Aim of the task: Write out again, exactly, the lines below starting at the one with "Biom Venture GTX" and ending at the one with "Sandalwood Wicked Wax Melts".
═════ Input data
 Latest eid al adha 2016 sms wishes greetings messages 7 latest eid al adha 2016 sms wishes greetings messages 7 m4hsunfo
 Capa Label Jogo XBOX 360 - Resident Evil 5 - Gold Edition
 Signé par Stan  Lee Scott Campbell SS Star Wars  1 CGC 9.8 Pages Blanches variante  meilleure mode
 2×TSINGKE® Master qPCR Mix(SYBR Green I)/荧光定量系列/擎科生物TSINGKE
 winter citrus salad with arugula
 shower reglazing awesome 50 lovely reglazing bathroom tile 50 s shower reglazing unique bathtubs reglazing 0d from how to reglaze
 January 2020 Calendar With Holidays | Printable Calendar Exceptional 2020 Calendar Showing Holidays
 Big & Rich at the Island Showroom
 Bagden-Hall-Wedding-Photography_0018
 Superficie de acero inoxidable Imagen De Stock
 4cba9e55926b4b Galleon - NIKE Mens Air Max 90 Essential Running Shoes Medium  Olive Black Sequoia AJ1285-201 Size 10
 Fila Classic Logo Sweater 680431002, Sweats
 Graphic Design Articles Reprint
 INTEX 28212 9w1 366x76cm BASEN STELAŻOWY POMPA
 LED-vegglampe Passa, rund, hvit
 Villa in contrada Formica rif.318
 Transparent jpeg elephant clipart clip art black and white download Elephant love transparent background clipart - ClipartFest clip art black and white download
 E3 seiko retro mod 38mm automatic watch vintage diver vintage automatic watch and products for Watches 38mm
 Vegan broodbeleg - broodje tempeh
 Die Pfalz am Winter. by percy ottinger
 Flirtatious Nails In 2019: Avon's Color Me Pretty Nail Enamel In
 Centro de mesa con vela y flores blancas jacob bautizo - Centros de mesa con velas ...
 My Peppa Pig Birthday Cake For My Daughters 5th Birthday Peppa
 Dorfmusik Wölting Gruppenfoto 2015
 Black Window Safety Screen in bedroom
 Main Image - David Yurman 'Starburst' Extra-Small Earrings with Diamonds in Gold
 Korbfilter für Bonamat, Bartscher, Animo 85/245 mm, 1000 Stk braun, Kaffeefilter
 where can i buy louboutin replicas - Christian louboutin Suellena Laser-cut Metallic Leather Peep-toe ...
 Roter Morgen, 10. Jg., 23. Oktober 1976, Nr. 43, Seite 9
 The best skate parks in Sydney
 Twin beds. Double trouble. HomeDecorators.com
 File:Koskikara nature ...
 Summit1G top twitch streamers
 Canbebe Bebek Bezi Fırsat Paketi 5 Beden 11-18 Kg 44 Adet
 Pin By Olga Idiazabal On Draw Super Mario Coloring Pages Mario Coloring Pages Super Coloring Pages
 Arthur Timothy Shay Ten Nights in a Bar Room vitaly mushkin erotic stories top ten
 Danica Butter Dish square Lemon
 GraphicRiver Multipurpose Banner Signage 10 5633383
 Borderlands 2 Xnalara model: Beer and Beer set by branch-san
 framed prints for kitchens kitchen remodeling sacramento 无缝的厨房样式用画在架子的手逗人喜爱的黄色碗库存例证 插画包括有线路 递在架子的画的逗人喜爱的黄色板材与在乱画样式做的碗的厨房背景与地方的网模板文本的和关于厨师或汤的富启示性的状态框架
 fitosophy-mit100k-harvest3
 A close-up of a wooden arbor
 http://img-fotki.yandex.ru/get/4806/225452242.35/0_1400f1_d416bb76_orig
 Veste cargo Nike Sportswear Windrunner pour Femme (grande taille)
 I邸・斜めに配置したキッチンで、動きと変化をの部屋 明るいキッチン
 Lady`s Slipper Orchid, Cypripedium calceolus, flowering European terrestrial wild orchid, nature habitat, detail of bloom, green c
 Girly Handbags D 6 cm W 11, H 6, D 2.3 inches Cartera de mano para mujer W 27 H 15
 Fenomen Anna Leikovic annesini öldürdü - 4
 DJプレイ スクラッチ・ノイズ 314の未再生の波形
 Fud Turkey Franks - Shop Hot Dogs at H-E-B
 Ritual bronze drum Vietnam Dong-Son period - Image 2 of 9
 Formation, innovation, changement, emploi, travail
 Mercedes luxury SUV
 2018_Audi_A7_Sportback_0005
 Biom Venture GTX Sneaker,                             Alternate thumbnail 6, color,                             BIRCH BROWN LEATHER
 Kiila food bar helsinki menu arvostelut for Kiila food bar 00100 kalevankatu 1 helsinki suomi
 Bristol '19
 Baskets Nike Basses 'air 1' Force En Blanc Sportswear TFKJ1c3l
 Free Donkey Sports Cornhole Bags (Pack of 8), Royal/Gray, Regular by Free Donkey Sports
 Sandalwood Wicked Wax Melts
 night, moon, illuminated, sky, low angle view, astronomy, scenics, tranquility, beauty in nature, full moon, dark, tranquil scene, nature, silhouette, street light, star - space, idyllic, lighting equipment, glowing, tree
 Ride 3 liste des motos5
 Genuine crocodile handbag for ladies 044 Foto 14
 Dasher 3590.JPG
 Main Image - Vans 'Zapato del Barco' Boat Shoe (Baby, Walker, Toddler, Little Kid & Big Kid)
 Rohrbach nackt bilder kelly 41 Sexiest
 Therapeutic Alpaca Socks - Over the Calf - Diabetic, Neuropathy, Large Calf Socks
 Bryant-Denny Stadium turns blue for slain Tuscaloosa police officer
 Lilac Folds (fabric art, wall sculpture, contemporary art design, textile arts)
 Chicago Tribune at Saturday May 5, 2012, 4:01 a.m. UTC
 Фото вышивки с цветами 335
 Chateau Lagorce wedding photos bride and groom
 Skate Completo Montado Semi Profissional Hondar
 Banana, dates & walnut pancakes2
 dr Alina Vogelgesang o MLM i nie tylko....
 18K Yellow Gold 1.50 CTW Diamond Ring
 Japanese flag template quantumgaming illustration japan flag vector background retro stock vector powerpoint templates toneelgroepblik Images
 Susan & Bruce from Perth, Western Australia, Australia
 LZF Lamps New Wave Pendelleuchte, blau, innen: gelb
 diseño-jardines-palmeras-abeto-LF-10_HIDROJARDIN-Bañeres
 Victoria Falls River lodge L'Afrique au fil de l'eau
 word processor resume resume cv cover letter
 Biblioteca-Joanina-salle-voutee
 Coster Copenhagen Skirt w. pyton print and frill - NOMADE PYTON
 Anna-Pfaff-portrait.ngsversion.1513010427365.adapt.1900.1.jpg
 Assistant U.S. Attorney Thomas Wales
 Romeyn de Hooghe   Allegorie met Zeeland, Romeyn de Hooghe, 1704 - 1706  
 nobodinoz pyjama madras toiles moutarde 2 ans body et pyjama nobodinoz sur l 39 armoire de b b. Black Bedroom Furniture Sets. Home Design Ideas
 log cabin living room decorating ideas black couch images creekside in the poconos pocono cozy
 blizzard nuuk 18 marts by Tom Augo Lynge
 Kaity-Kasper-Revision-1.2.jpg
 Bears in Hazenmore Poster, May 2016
══════════
Problem solution:
 Biom Venture GTX Sneaker,                             Alternate thumbnail 6, color,                             BIRCH BROWN LEATHER
 Kiila food bar helsinki menu arvostelut for Kiila food bar 00100 kalevankatu 1 helsinki suomi
 Bristol '19
 Baskets Nike Basses 'air 1' Force En Blanc Sportswear TFKJ1c3l
 Free Donkey Sports Cornhole Bags (Pack of 8), Royal/Gray, Regular by Free Donkey Sports
 Sandalwood Wicked Wax Melts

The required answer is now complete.